Combinar el ejercicio físico con algunos medicamentos podría producir reacciones alérgicas

Combinar ejercicio físico con algunos medicamentos o alimentos podría llegar a producir una reacción alérgica grave, según ha avisado la doctora Ángela Meijide, del Comité de Alergia a Alimentos de la Sociedad Española de Alergología e Inmunología Clínica (SEAIC), que ha puesto como ejemplo la toma de determinados fármacos antiinflamatorios no esteroideos (AINEs) o de alimentos, como el trigo, en un período cercano de tiempo a la realización de algún tipo de deporte, lo que podria desencadenar una reacción alérgica, que podría ir desde una simple urticaria a una anafilaxia.

Según esta doctora, en cualquier caso, "de toda la alergia a alimentos que llega a las consultas de Alergología solo el uno por ciento es anafilaxia inducida por ejercicio. Es fundamental anotar qué se ha tomado para orientar el diagnóstico y la valoración por parte del especialista".

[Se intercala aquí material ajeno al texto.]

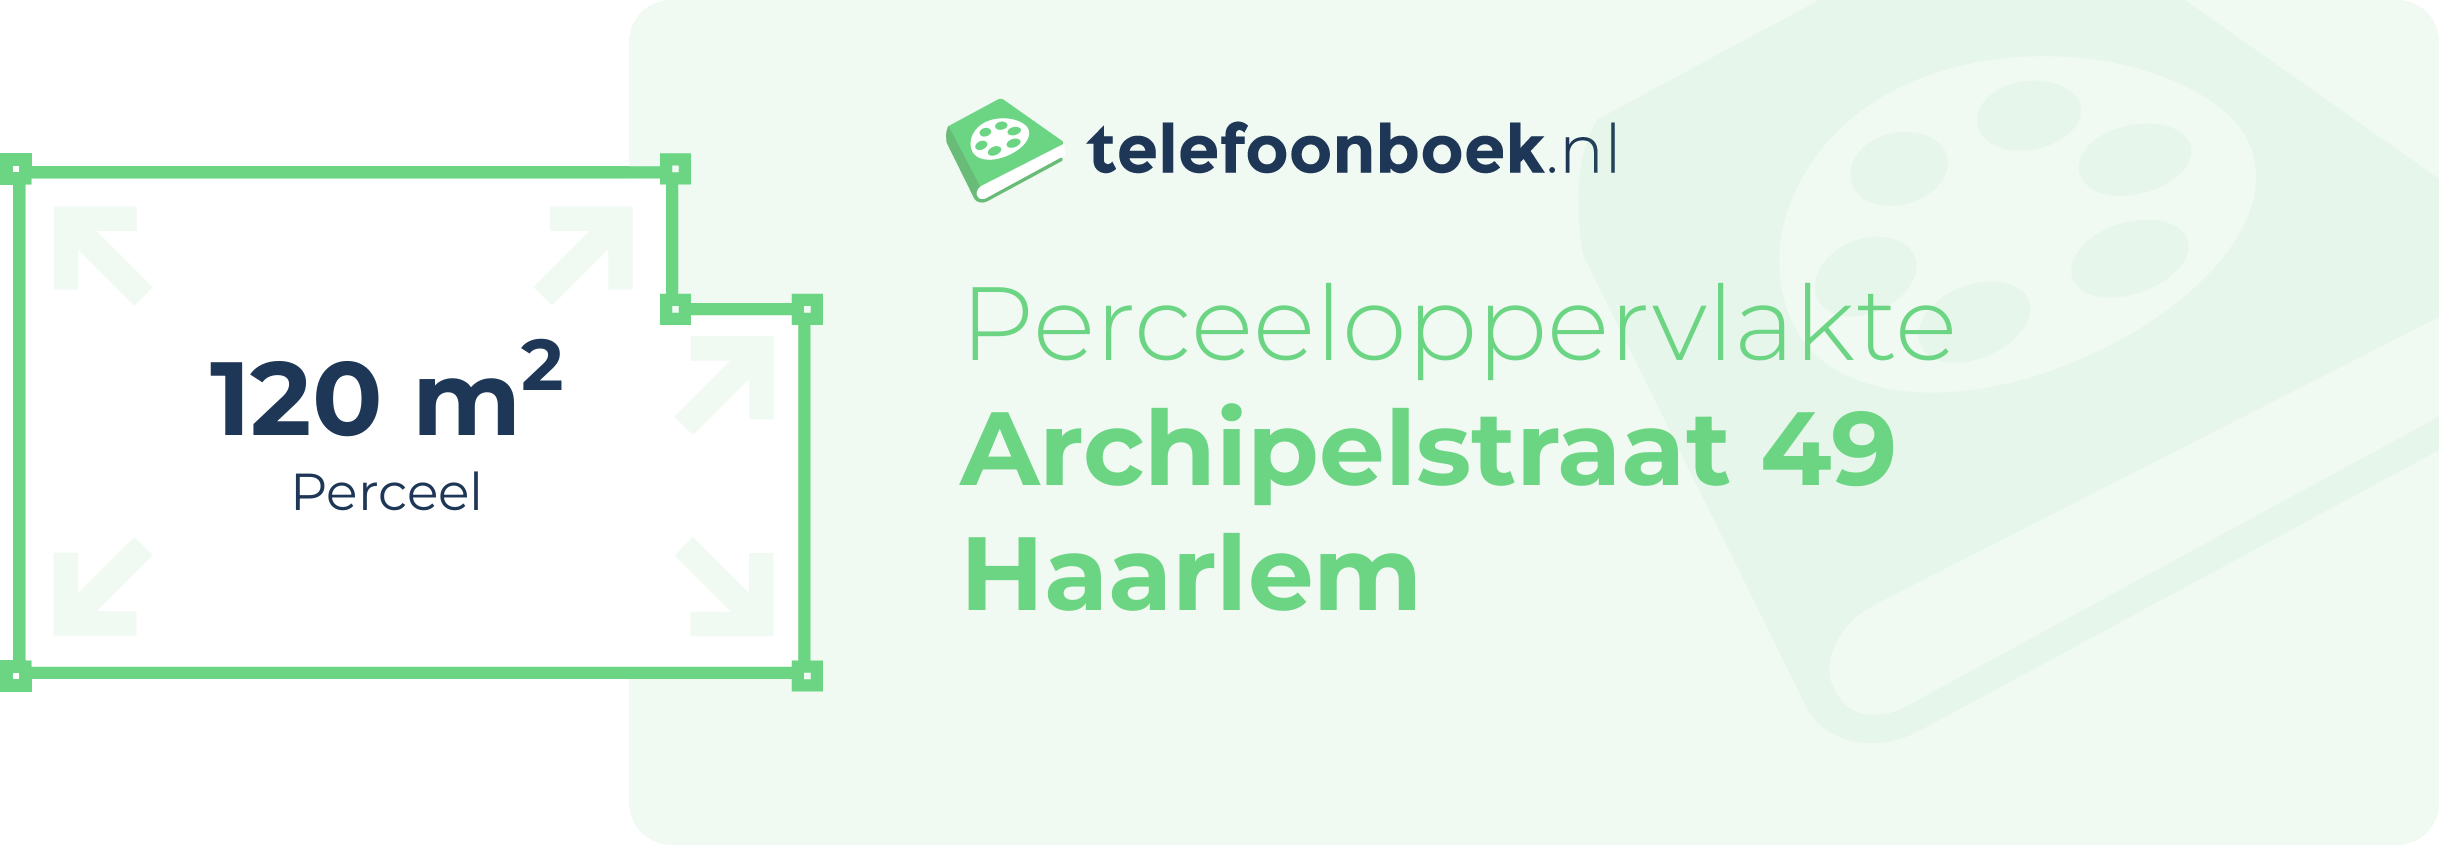 Perceeloppervlakte Archipelstraat 49 Haarlem

Actualmente hay diversas teorías acerca de la anafilaxia inducida por ejercicio, entre las que destaca el aumento de la permeabilidad gastrointestinal, la redistribución del flujo sanguíneo o los cambios celulares que se sufren al realizar ejercicio, que pueden favorecer la aparición de una reacción cuando el cuerpo entra en contacto con el alérgeno.

La doctora ha asegurado que, en general, incrementar el tiempo entre la ingesta y la práctica deportiva podría evitar estas situaciones.

Respecto a la práctica del deporte y el asma, la experta ha asegurado quie "no son incompatibles", ya que realizar ejercicio físico mejora la resistencia respiratoria y la tolerancia a la actividad física, e incluso es posible que el entrenamiento pueda llegar a reducir la necesidad de medicación, el absentismo escolar y laboral y la sensación disneica por el fortalecimiento de la musculatura torácica.

Según ha indicado Julio Delgado, miembro del Comité de Asma de la SEAIC, "la clave está en el control, ya que la respuesta fisiopatológica al ejercicio es similar en sujetos asmáticos bien controlados y sujetos sanos. Con un entrenamiento apropiado y medicación hay hasta atletas con asma leve y moderada que pueden participar con éxito en la alta competición".

En cualquier caso, los expertos han asegurado que es necesario tener precaución ante la broncoconstricción inducida por ejercicio (BIE), un estrechamiento transitorio de las vías respiratorias inferiores que se produce después de practicar deporte en presencia o ausencia de asma clínicamente reconocida. En estos casos, el ejercicio no es la causa del asma, sino un agravante o desencadenante de los síntomas.

"Más del 90 por ciento de los sujetos con asma, independientemente de su gravedad, pueden llegar a tener broncoespasmo en relación con el esfuerzo físico. Por lo tanto, el ejercicio es únicamente uno de los estímulos que inducen estos episodios y su presencia indica falta de control del asma", ha detallado Delgado en este sentido.

La prevalencia del BIE es muy variada por las diferentes metodologías usadas para su estudio, la ausencia de estandarización de los factores ambientales o la falta de consenso sobre la realización de la prueba de provocación; y se estima que puede afectar a entre un 4 % y un 20 % de la población general; a entre un 40 % y un 90 % de los asmáticos diagnosticados; a entre un 11 % y un 50 % de los atletas de élite; y a entre un 3 % y un 35 % de los niños de hasta 16 años.

Los síntomas típicos del BIE incluyen sibilancias, disnea, tos y opresión torácica durante o después de la práctica deportiva; y se dan durante el ejercicio extenuante, alcanzando su máxima expresión unos 5-10 minutos después de finalizarlo.

Otros síntomas atípicos pasan por fatiga, dolor abdominal o un estado diferente al de la forma física habitual.